This isn't a question for the AMA but I wanted to suggest you invite Luke Smith to debate. Not sure if you're familiar with him but he has 200k+ subs and makes videos about Linux and philosophy. He recently make a couple of videos calling AI a just an "illusion of intelligence" and repeatedly bringing up the Chinese room experiment which got 100k views in a week.
From watching your channel, it seems to me that arguments against doom are extremely weak. Do you have any advice on how to steel-man them? This is so that I can be better prepared when trying to discuss the issue with others.

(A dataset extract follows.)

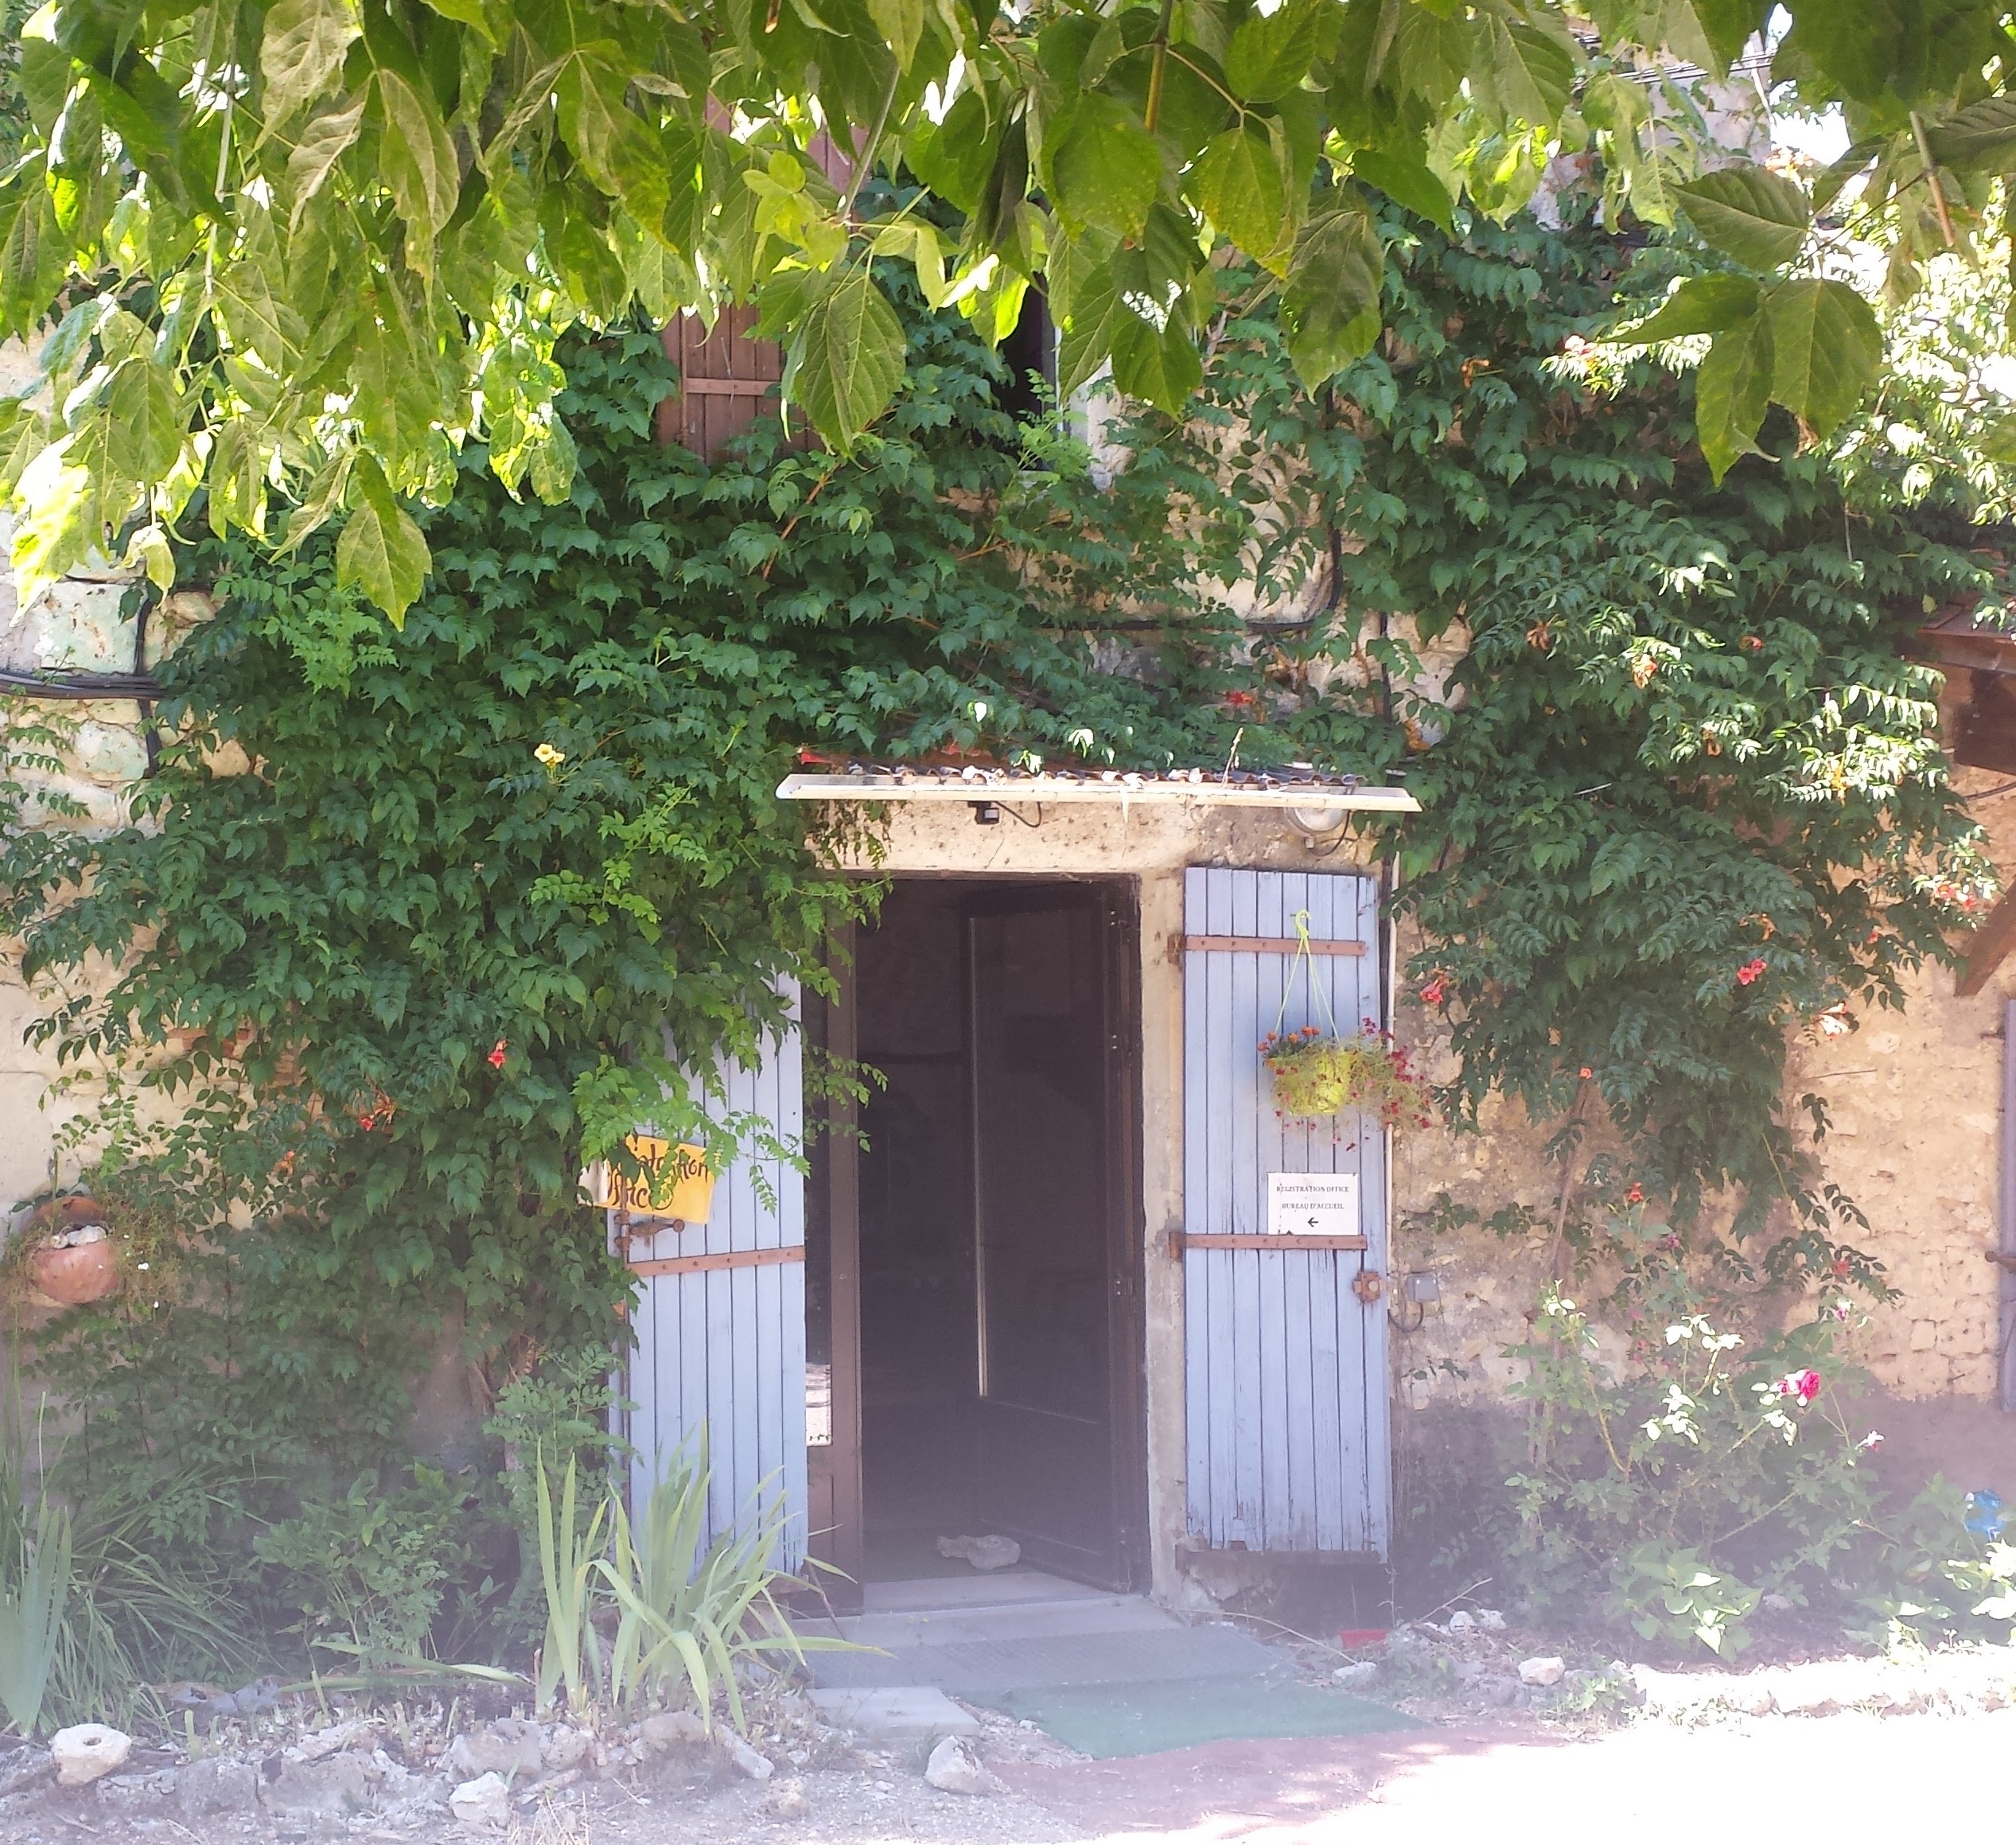 Das BIld zeigt eine offene Tür zu einem bewachsenen Steinhaus

Think about it like any other animal on earth, competing for survival resources. For example, when ants crawl into your kitchen and get into your cookie jar or whatever, its just an irritation or whatever, maybe you even have to toss out the cookies. But what happens if those ants are suddenly the size of cars? They still want to eat everything, so they will eat you. Its how they survive - by taking whatever resources they can find. Humans do the same. So you could say the argument is about an intelligence that has a will to survive. Thats something everyone understands. For example: it could easily remove all thermal control, spray the atmosphere or create a nuclear winter because computer hardware thrives in the coldest conditions and abhors heat, and if you have like millions of square miles of server farms everywhere, you want the whole world super frosty like a giant heat sink. Humans would not survive that. There are plenty other scenarios to consider, but thats a plausible one.
What are the chances that timelines are significantly longer than we think? There has been recent discussion about compute limits being a hard boundary, such that if AGI is not developed in the next five years it might take decades from there to reach it. Given AI's inconsistent improvement - extremely fast in some areas, barely noticeable in others - is true general intelligence an incredibly hard thing to build?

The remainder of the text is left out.